With respect to generative art in particular, it's a great fit because it allows a someone to own a unique instantiation of the algorithm. e.g. take a look at this collection: https://www.fxhash.xyz/generative/slug/take-wing you can create infinite variations on the same theme, but the artist has determined that they only want 250 pieces in total to exist. So when someone "buys" the art work for the first time, a completely unique piece of work is generated based on the random transaction hash. The algorithm still exists as a whole and anyone is free to view and enjoy it, but people still buy and trade the unique pieces because they enjoy it.
In fact, there's an upcoming project that really leans into the idea: https://twitter.com/tylerxhobbs/status/1571908670929133568?s... Anyone is free to create any number of outputs they like and share them. But only 999 NFTs will exist, some people people want to pay for the right to have their selection immortalized as one of the 999.
I don't understand the visceral hate (not from you, just in general). People who want to just look at it are free to do so, people who want to pay and own it do so, and the artists are paid directly (and get perpetual royalties). Who's losing out?
Anyway, my original comment was not even about NFTs, just wanted to bring attention to the fact that this is generative art, and other artists have similar posts about their work and how they use JS to replicate similar real world phenomena.
edit: I didn't realize you were the post author. Your work is amazing. I'm sure it will be appreciated by generative art collectors should you choose to publish it. Feel free to reach out to my username at gmail.com if you have any questions. I'm a serious gen art collector, and there's nothing I would love more than to introduce new folks to the space.
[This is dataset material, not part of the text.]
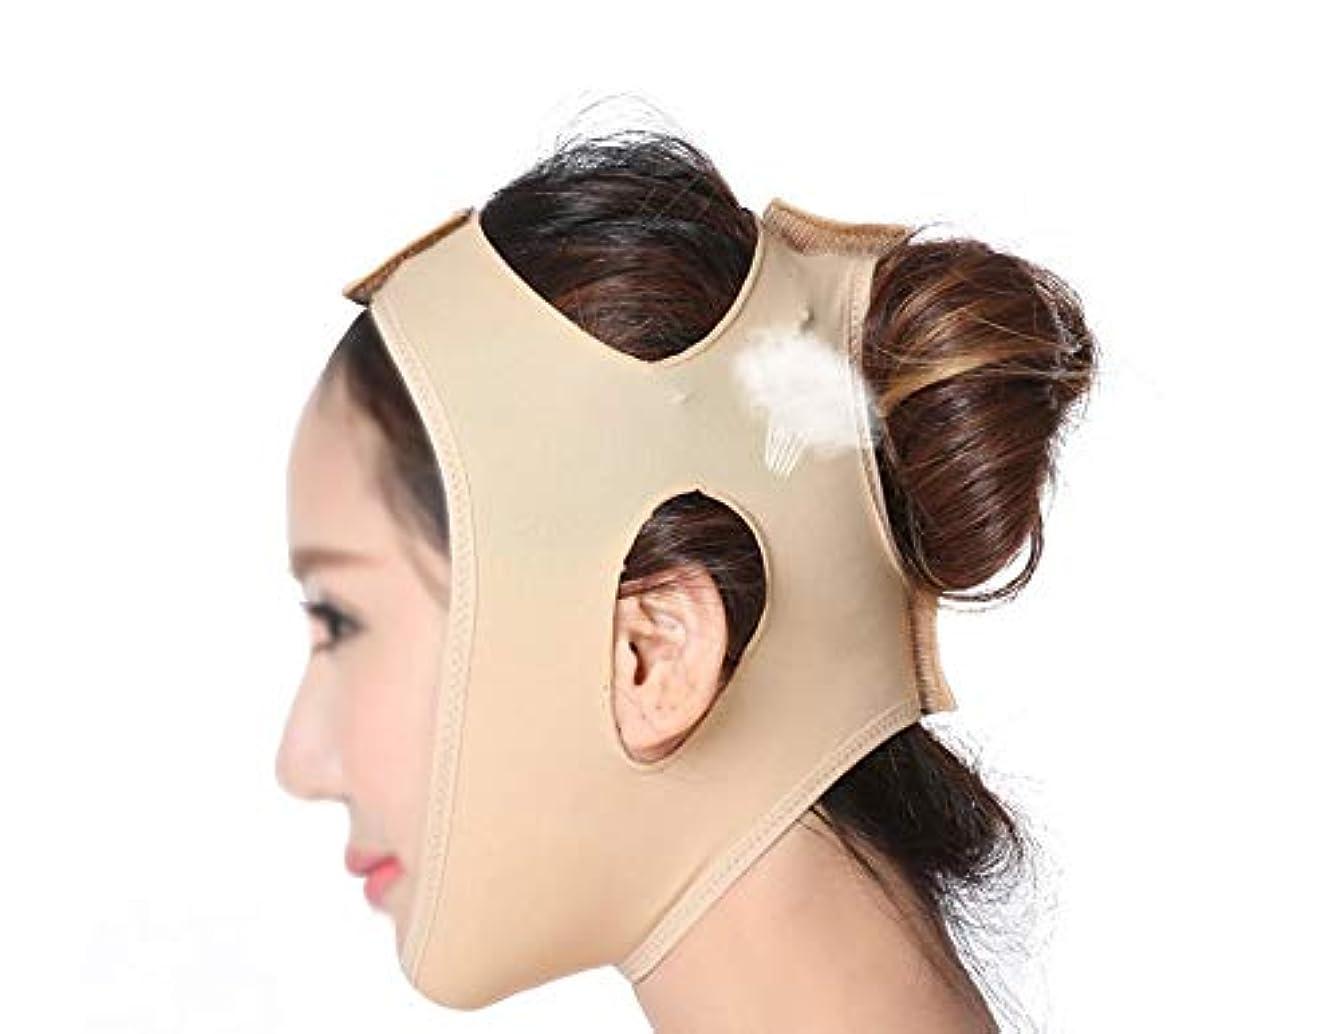 形成配管絶縁するLJK ファーミングフェイスマスク、フェイシャルマスク睡眠薄いフェイス包帯薄いフェイスマスクフェイスリフティングフェイスメロンフェイスVフェイスリフティングファーミングダブルチン美容ツール (Size : XXL)

https://incoherency.co.uk/nightdrive/
I don't understand this remark. What browsers do people use that don't have javascript?
It would be awesome to do this with a bladerunner theme. Like, sitting in a spinner going somewhere, with all the different cars, spinners and maybe buildings passing by.
This seems easily fixable, no? Just make cars opaque black and assign progressively decreasing z-index to each spawning light. (Unlikely anyone will leave page open long enough to reach min value, and you could just reset at that point.)
The tricky thing is, this project's renderer is currently a queue of circles to draw to a canvas. It's under 100 lines of JavaScript. So any increase in complexity will require substantial changes, like abstracting over types of drawables.
Anyways, run this in your browser inspector to hot-patch the live demo so that each car has an opaque black circle as its body/chassis:
To be clear, since of course this is the internet and one must be precise or else get nit-picked and "outplayed," I obviously meant 5 minutes for the author who already knows the layout of the code. Obviously. Any charitable interpretation would have taken that as a given. 25-40 minutes sounds more appropriate for a newcomer examining it for the first time.
If you wanted to make it interactive, maybe a Pokemon Snap like functionality where you try to capture photos of random environment features or creatures.